AstraZeneca Hopes To File For Emergency Use Authorization Of Its COVID Vaccine Within A Few Weeks

As the U.S. continues to battle the coronavirus pandemic, it could soon have a new source of hope: a fourth vaccine. An executive at AstraZeneca told CBS News on Friday that the company plans to file for emergency use authorization of its vaccine in the coming weeks, pending the results of a clinical trial. 

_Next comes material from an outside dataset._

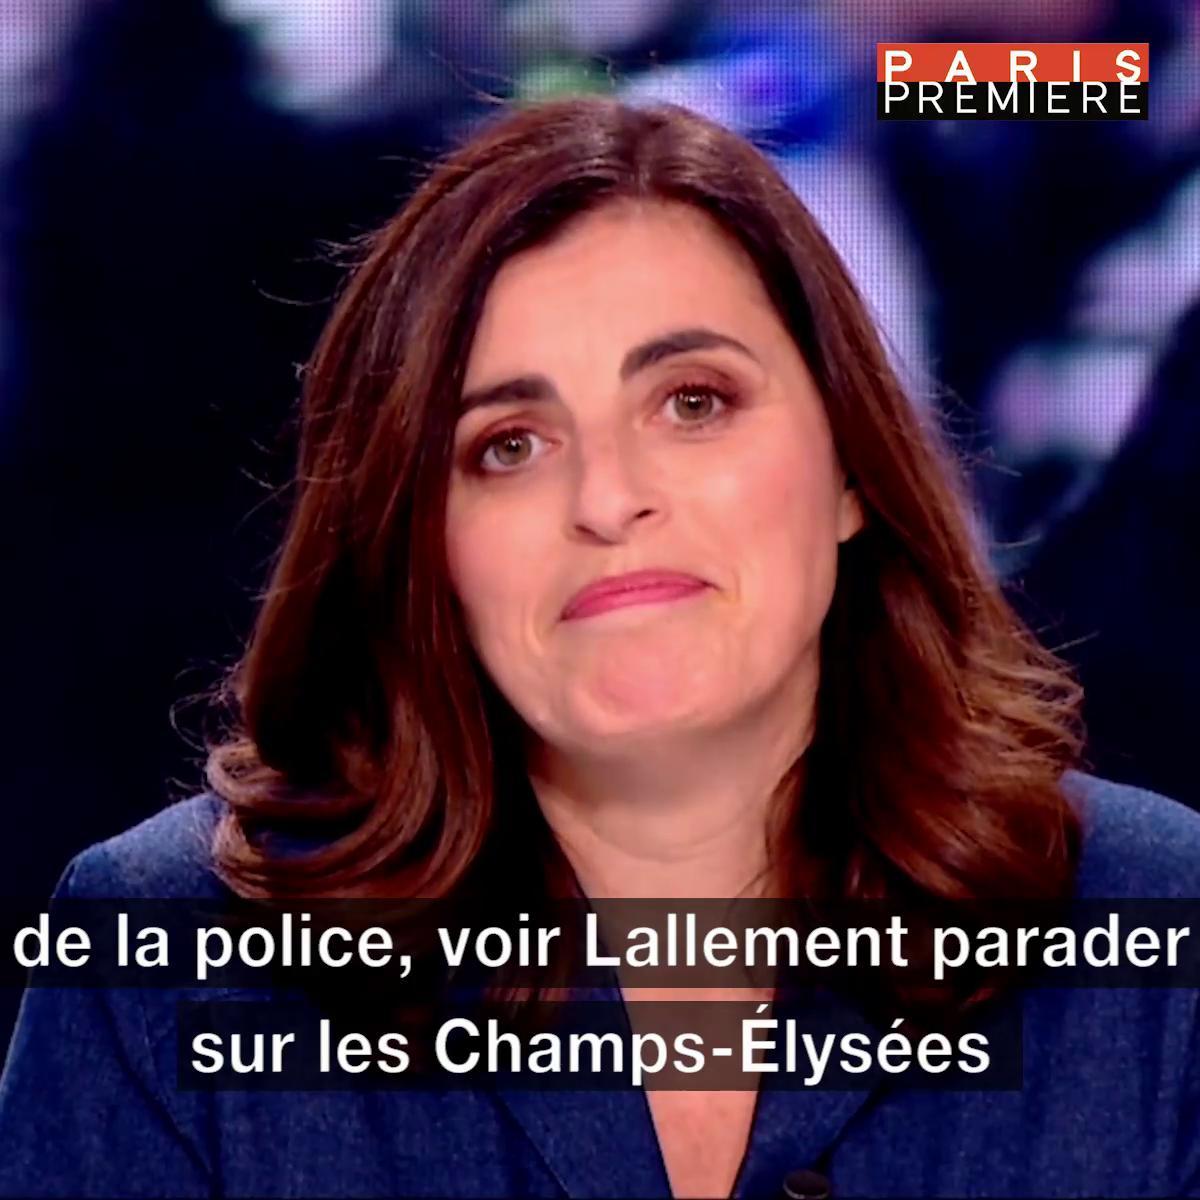 """Didier Lallement, nouveau préfet de police de Paris. 👮♂️ // """"Voir Lallement occuper les bureaux de la police et parader sur les Champs-Élysées, ça rappelle des souvenirs, et pas les meilleurs..."""" 🤣 La super semaine de Sandrine @sarroche"""

Ruud Dobber, executive vice president at AstraZeneca, told CBSN anchor Tanya Rivero on Friday that the drugmaker hopes to receive the results of its clinical trial "in the next few weeks." It then plans on immediately seeking emergency use authorization for its two-dose vaccine from the Food and Drug Administration, he said. If authorized, he said AstraZeneca is prepared to deliver tens of millions of doses to the U.S. 

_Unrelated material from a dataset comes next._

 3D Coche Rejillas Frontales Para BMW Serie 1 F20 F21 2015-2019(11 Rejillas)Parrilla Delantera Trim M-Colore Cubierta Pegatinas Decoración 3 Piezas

"In the first months after the [authorization], we're planning to deliver roughly 50 million doses instantly to Americans," Dobber said. 

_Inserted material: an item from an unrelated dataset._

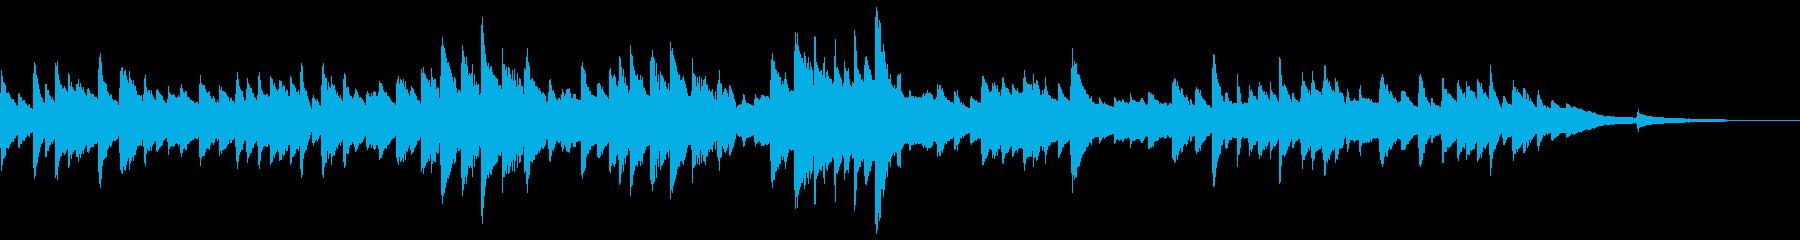 シューマンピアノ有名曲 おねだりする子供の再生済みの波形

Aside from the Oxford-AstraZeneca vaccine, three other vaccines have already been approved for use in the U.S.: Moderna's and Pfizer's, which are both two doses, and Johnson & Johnson's, which requires only one dose. 

The AstraZeneca vaccine is already being administered internationally, after it received the go-ahead from the European Union, the U.K. and the World Health Organization in recent months. 

Dobber said AstraZeneca's current vaccine may prove effective against at least one of the emerging mutations of the disease. 

"We're very hopeful that it's very effective against the U.K. variant," he said. 

The company is already "developing a potential new vaccine in case our current vaccine is not as effective as we were hoping for," Dobber said.